Tuesday, January 17, 2012

Habitat 2011 - Honduras

This year's Habitat trip brought me to Honduras in Central America. It is a little known country as I found out when I was trying to fundraise, but it has always been a destination for me as Ben, my first ever Habitat leader, raved about doing a Global Village trip there before.

It was my first "corporate build", which is when Habitat is working with a corporation rather than individual volunteers, and I was working with volunteers from the publishing company Reed Elsevier. Reed Elsevier is a huge organisation with over 30,000 employees worldwide, and each of my volunteers were "champions" of their local "RE Cares" community programme. It was very nice to be working with others who are all so committed to helping others, and each of them also were sympathetic with each other's efforts to make other people do more!

Honduras itself is one of the poorest countries in Latin America, and is still recovering from when Hurricane Mitch destroyed much of the country back in 1998, when 6,000 people died and more than 75,000 were made homeless. It is no surprise then that the focus of Habitat's work is to create hurricane and earthquake-proof homes in Honduras, and so far they have helped more than 10,000 families in the country.

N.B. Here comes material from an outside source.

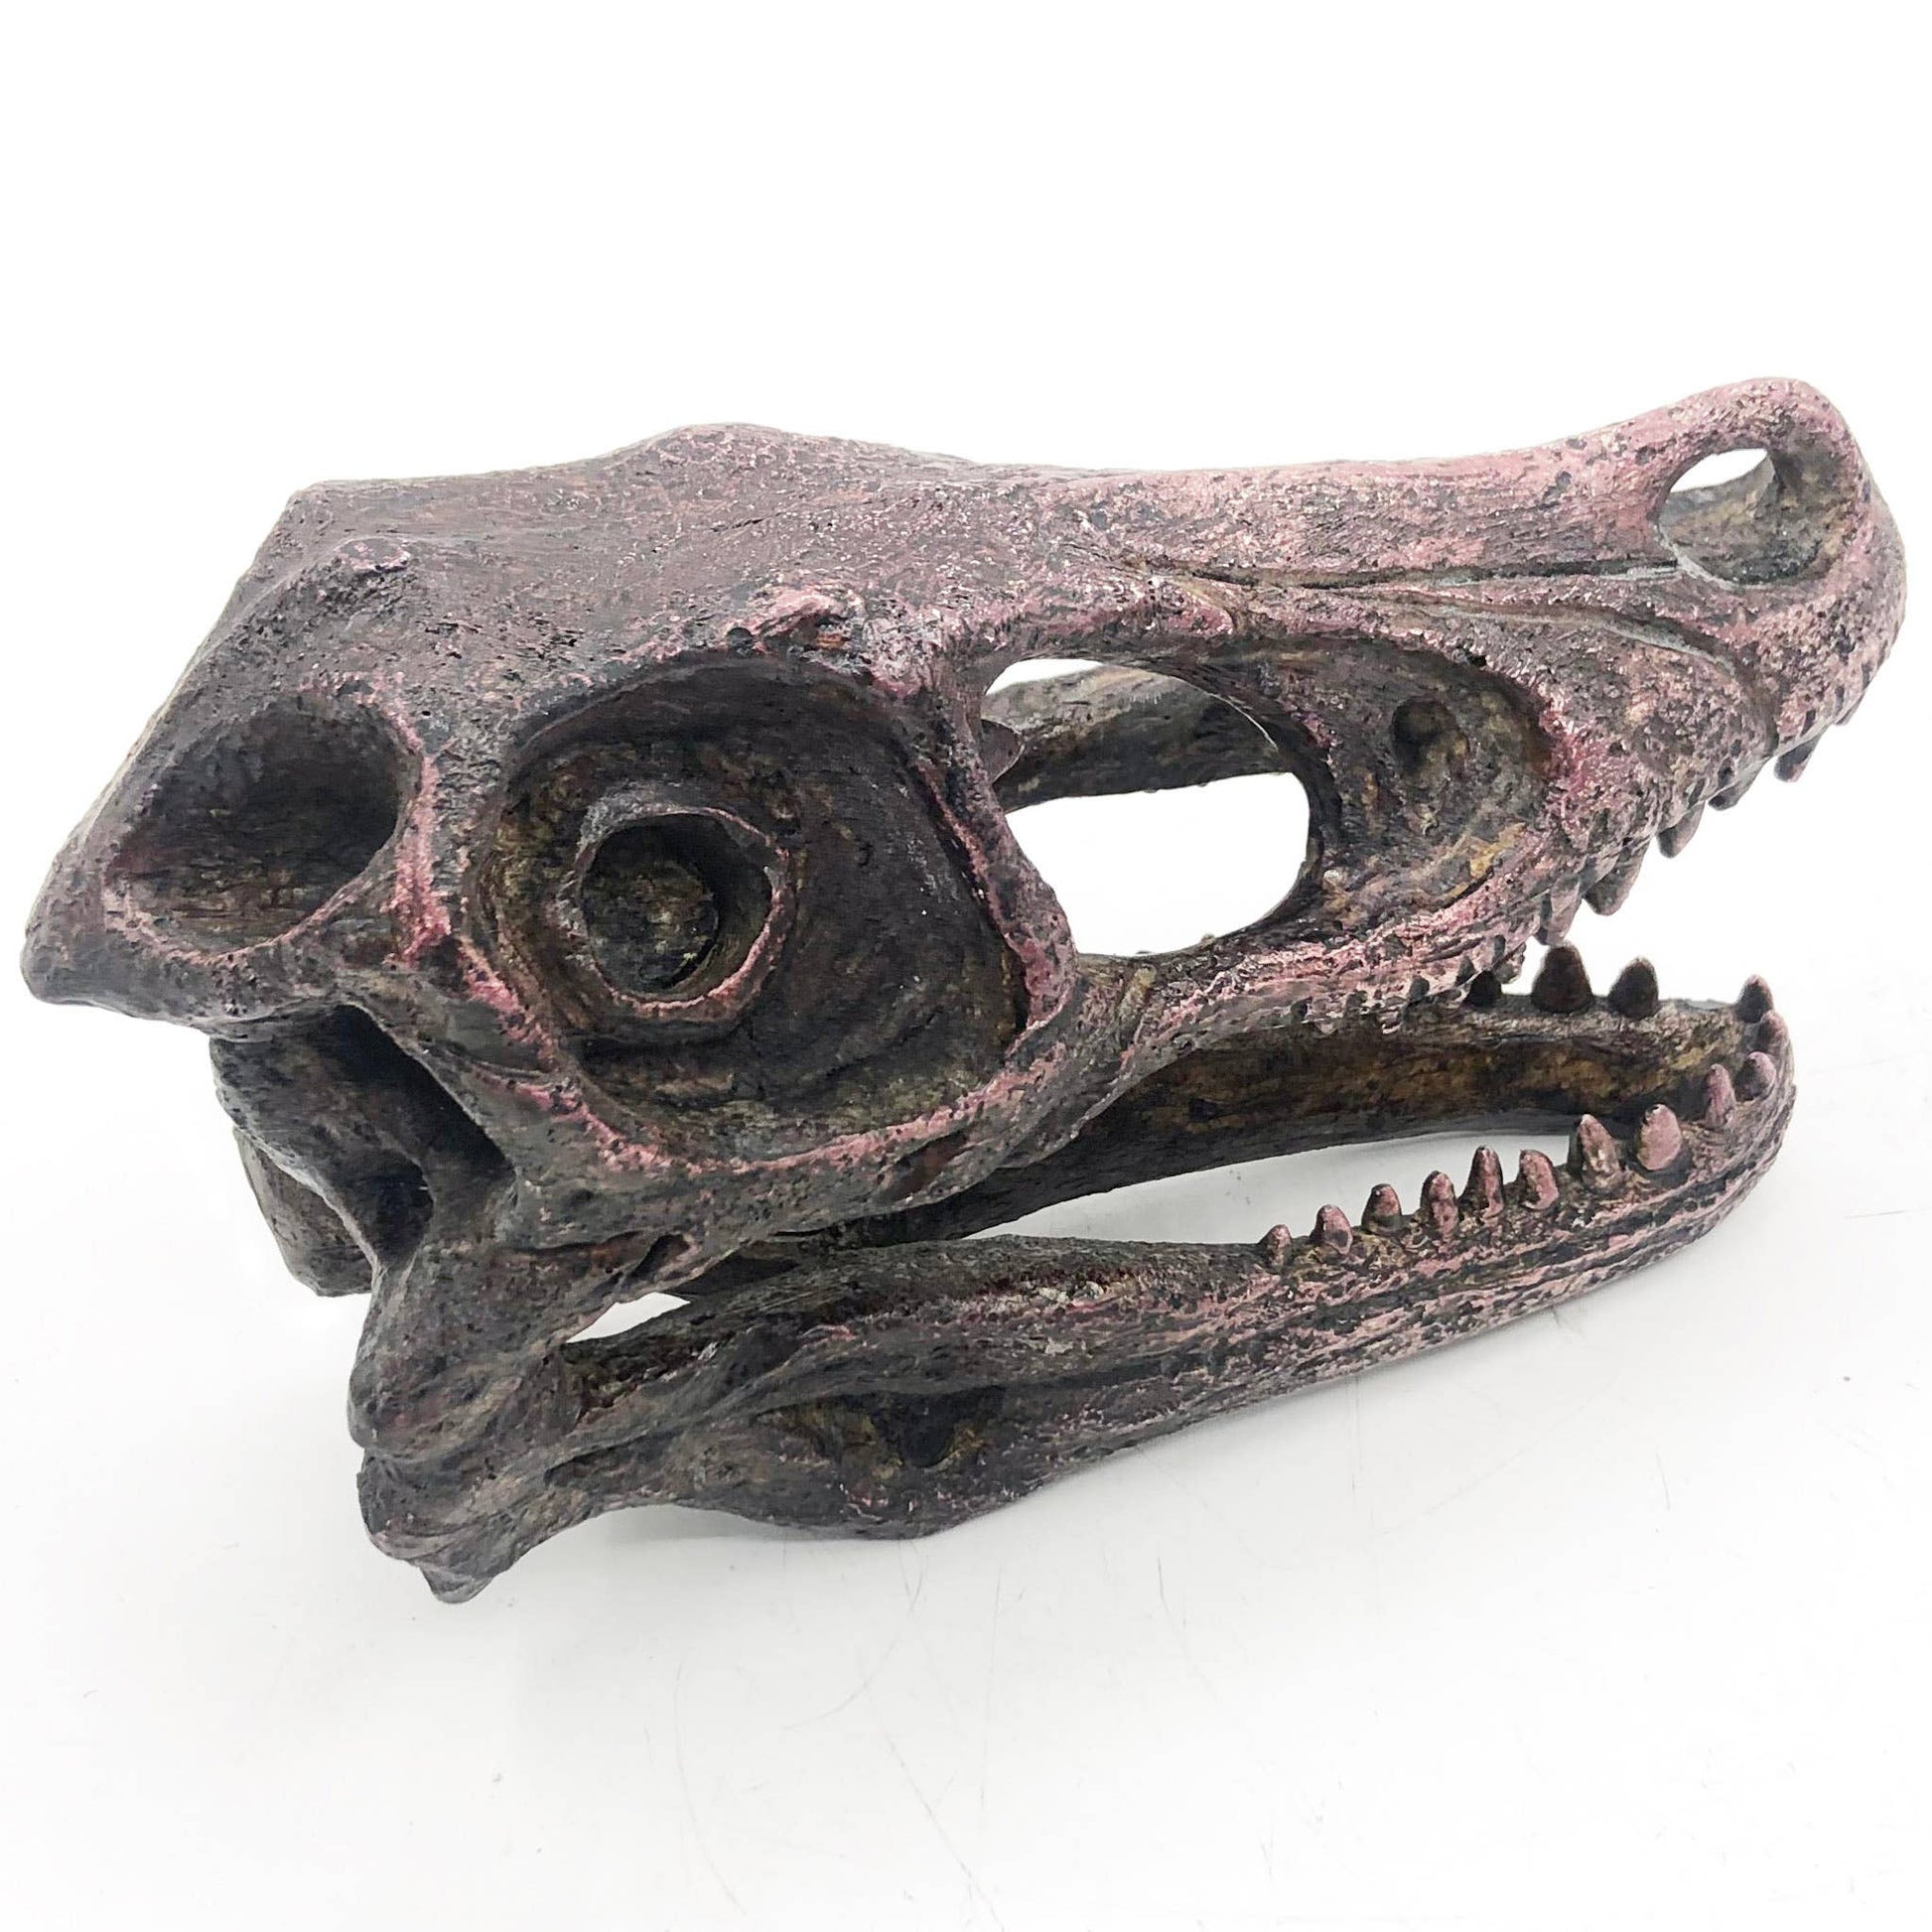 Replica Velociraptor Mini Dinosaur Fossil Skull - Stemcell Science Shop

We were building in a small mountain town Santa Rosa de Copan, their claim to fame as being the closest big town near to the Copan Ruins. It was a gorgeous little town with cobbled streets and not a lot going on. We were building for a single mother Mariela who has a little girl Sarahy; interesting to note that single mothers did not seem to have the same kind of stigma that they suffer elsewhere. With high unemployment, there is not much to entertain the youngsters of the town, to the extent that Habitat will be building a village especially for single mothers in another future project.

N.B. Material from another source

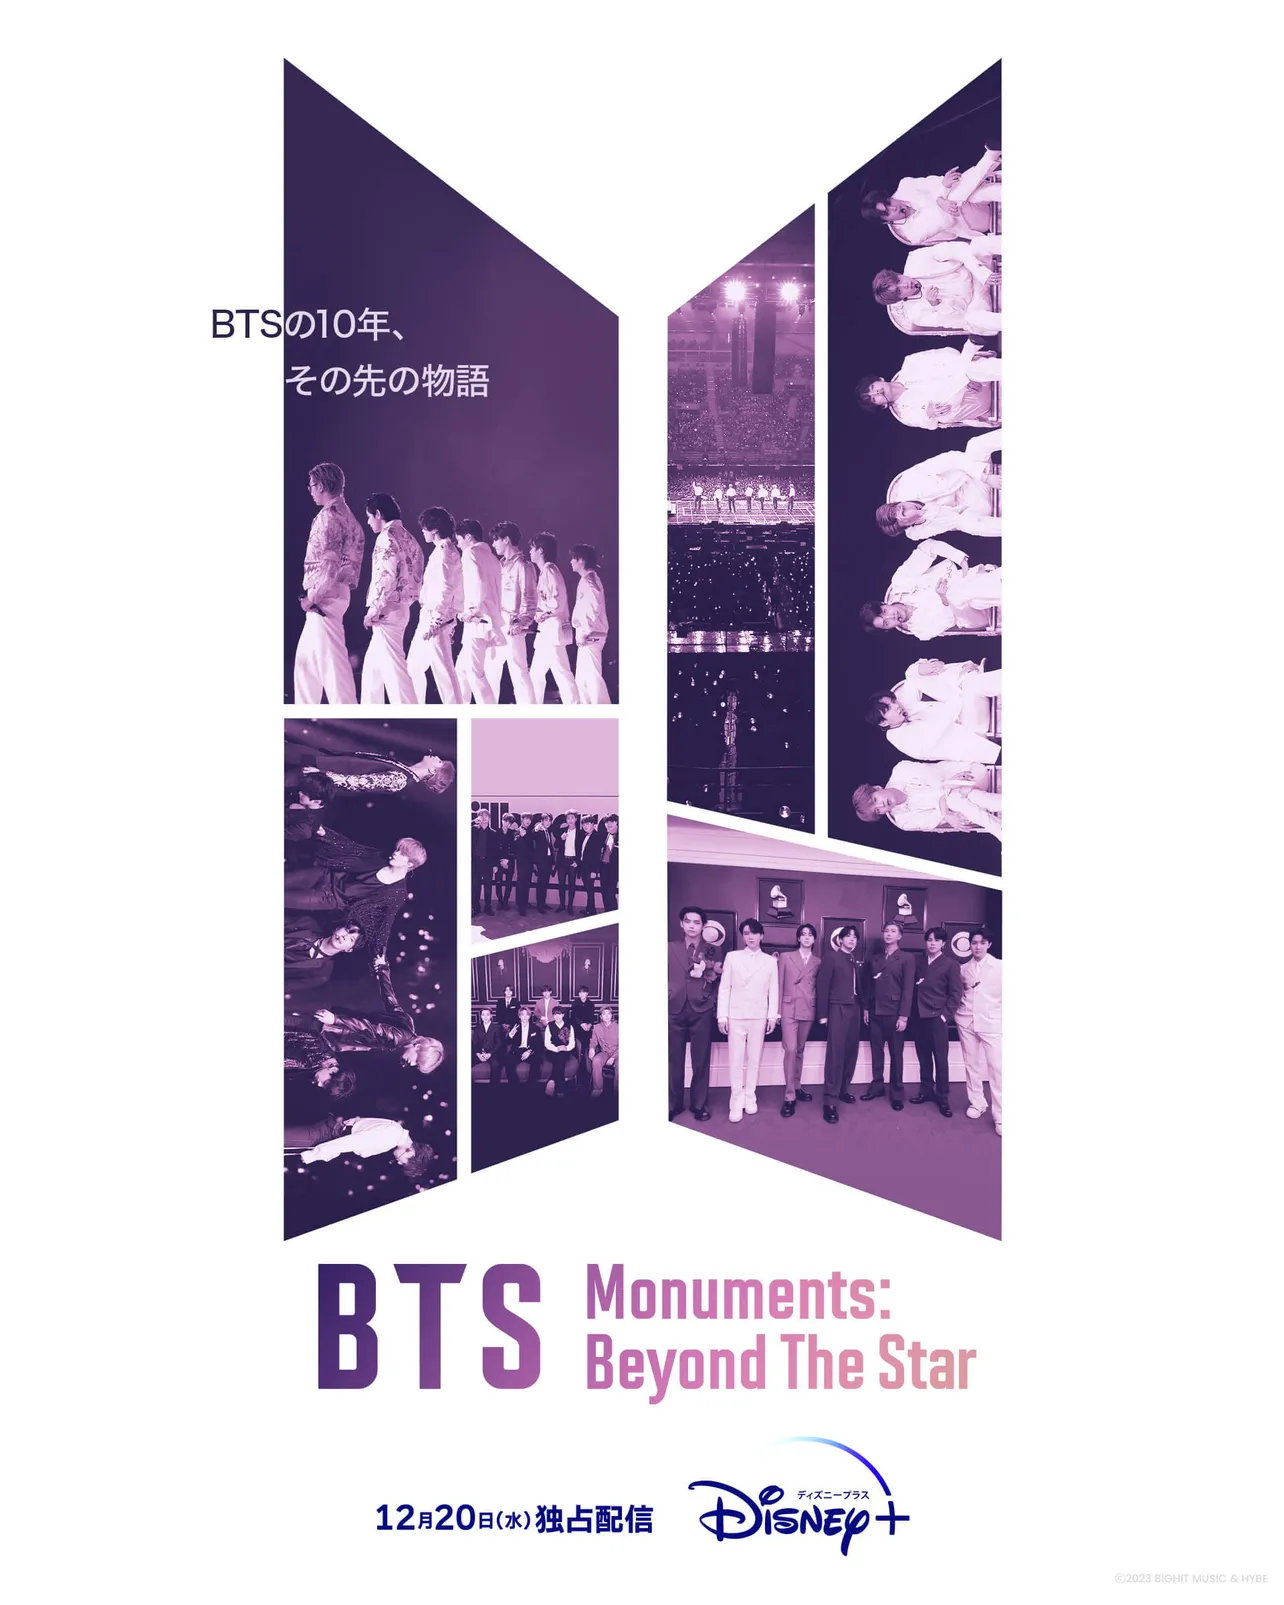 「BTS Monuments: Beyond The Star」ティザーポスター

We were only in Santa Rosa for 5 days, as corporate builds tend to be a lot shorter, so unfortunately it did not progress as much as other builds I've been to in the past. We were also rained off for the first day! Luckily, the foundations had already been dug when we arrived:

Here is Mariela with little Sarahy. Her uncle Martin also spent most of the week with us, and he was her main helper on site. His English is non-existent, as is my Spanish, but oh did we get to know each other when we went salsa dancing on the last evening. That man has got good hips!


Our main jobs for the week were to create the "re-bar" steel reinforcements which make the house more earthquake proof, mix cement for the foundation, and start the block work for the external walls.



(and I post a rare picture of me actually doing some work! not many of these exist, ha!)


(I should take a leaf from Abbey's book...)

And by the last day, we got about a quarter up the house! It normally takes 3 months for the normal builders plus the family and helpers to build a house in Honduras, and with our help this will be reduced to 2 months, so we felt slightly better about ourselves.


Even after all these years working with Habitat, I still never fail to have a good cry during dedication. The team in Honduras should also be commended for giving us some of the most warm cultural welcome for our team. We were welcomed by some traditional dancing on our first day, and the last day's dedication had a live xylophone band (hijacked by myself and Liza after not so long, ha!). Much credit to young Johny who looked after us during the build, we couldn't have done it without you. (and also thanks to Rena who I stole all the photos from!)